Could you describe your process for us?
I’m an abstract expressionist painter, and the essence of that for me is experimentation. If I spill paint on a piece, for example, I don’t think of it as ruined; it’s just gone in a different direction. It’s important that I have no preconceived notion of what the end result will be, but instead react to the process itself. It’s about following the unknown and accepting what comes out of that. You have to let something else, something unseen, take control.  

What inspires you to paint?
Color. I’m obsessed with it, and the brighter, the bolder, the better. Fashion spreads, ad campaigns, things in nature—if there’s color, I’m inspired by it.

Any hues of note? 
My latest obsession is this shade of fluorescent coral, so you’ll see that popping up in my pieces quite a bit. Turquoise blue too. I love to pair the two together and watch how they ignite each other.

What do you need around you in your studio to do your best creative work?
I’m a neat freak, so cleanliness is a must. I’ll clean my studio before pretty much every painting session. I don’t know why, but all my paints have to be in order and all my brushes have to be clean, otherwise I just can’t think. The other things I need are good coffee and music.

What kind of music? 
I listen to a lot of alternative and WFUV, which is Fordham University’s radio station. They play a really nice eclectic mix of music.
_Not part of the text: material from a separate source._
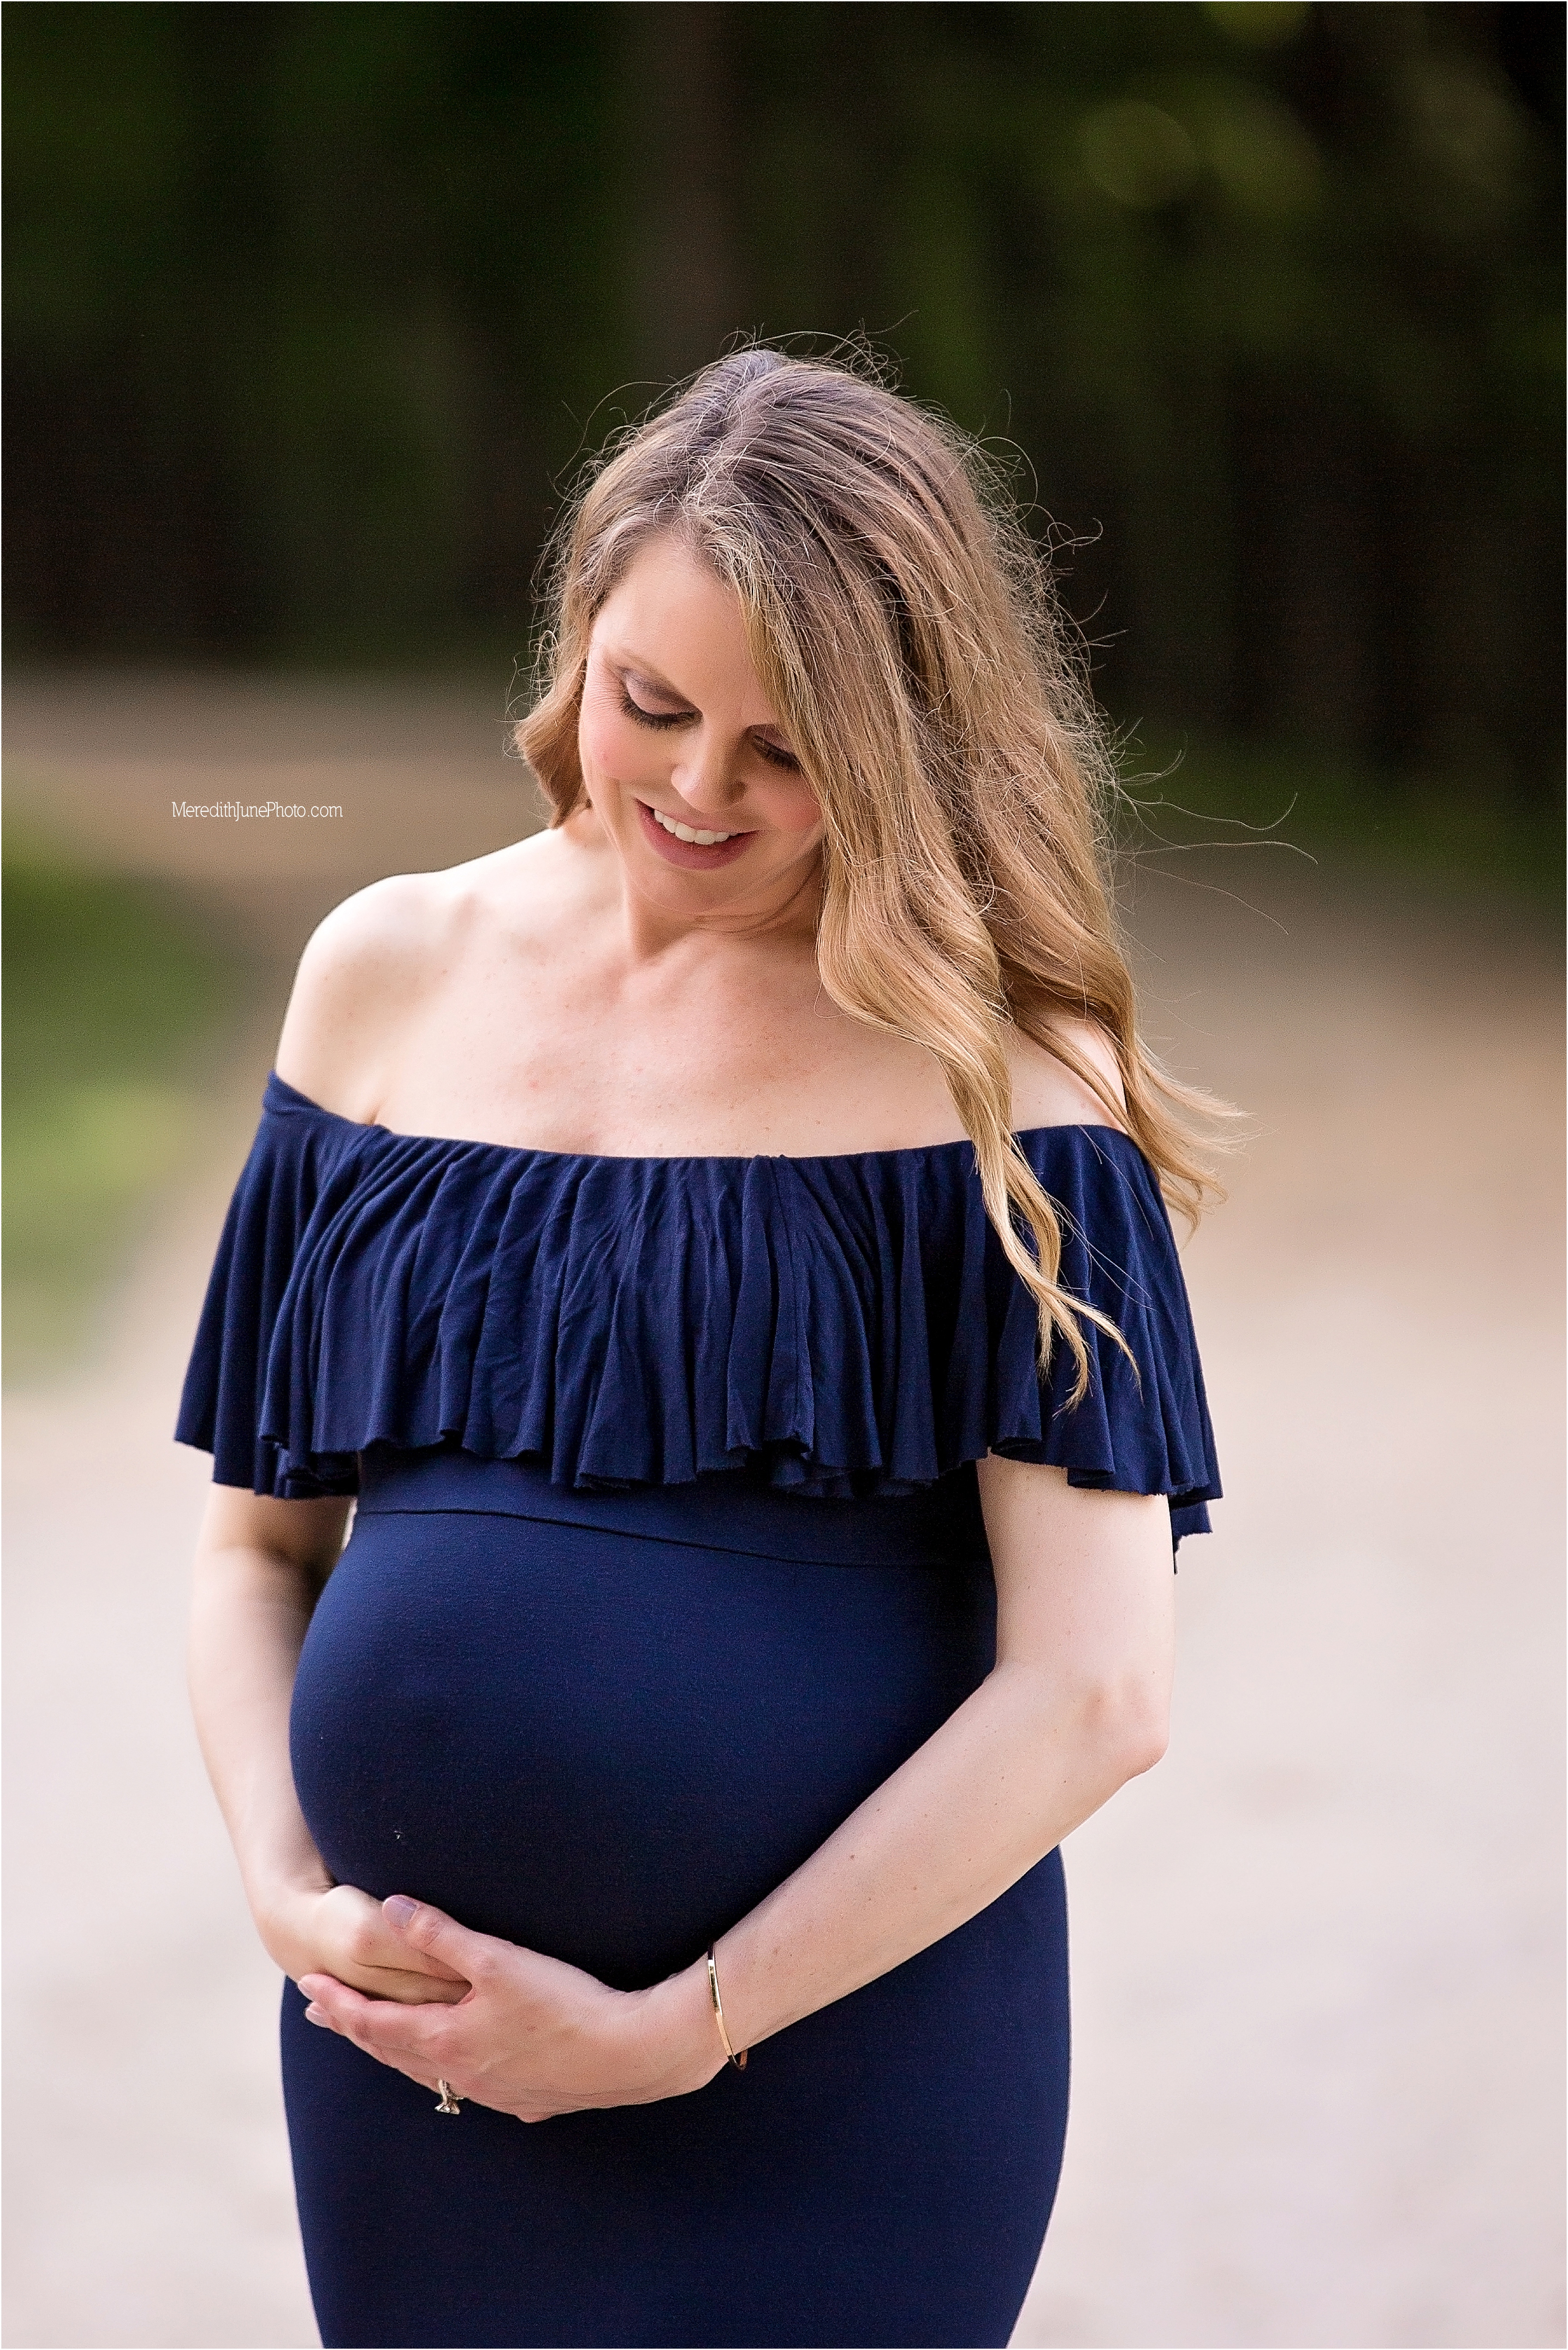 Keovilay maternity photo session in South Carolina

My guilty pleasure, though, is Katy Perry. I can’t stop listening to “Swish Swish.” I’m a little embarrassed to admit it, but every time it’s on I just start dancing.

Colletta at work in her Connecticut studio.

Colletta at work in her Connecticut studio.

I want people to look at my work and smile and to feel that their home is a little brighter because it’s there.

— Linda Colletta

Is there a right way to hang a piece of art?
I’ve always loved the idea of getting lost in a painting, so it’s important to hang a piece in a place that allows you to step back and take it in. If it’s in your bedroom, it should be across from your bed so you can lie there and stare at it. If it’s in the living room, it should be the centerpiece, not the television. Wherever you put it, it should encourage you to linger and to ponder.

Should artwork be moved around or remain in one place?
Personally I love to move my pieces around at least once a year. There’s an energy that occurs when you move a piece of art from one place to another. Something about it makes the room it’s in, or was in, feel alive again.  

How do you want people to feel when they look at your pieces?
What I’m really trying to do is uplift the human spirit, and I’m talking about my own as well as others. If there’s an emotional quality to my work, it’s uplifting. It should feel happy and provide a sense of serenity to the person who’s looking at it. I want people to look at my work and smile and to feel that their home is a little brighter because it’s there. To me, that kind of joy is what life’s all about.

Linda uses pastels and paints to create her bold abstract beauties.

Linda uses pastels and paints to create her bold abstract beauties.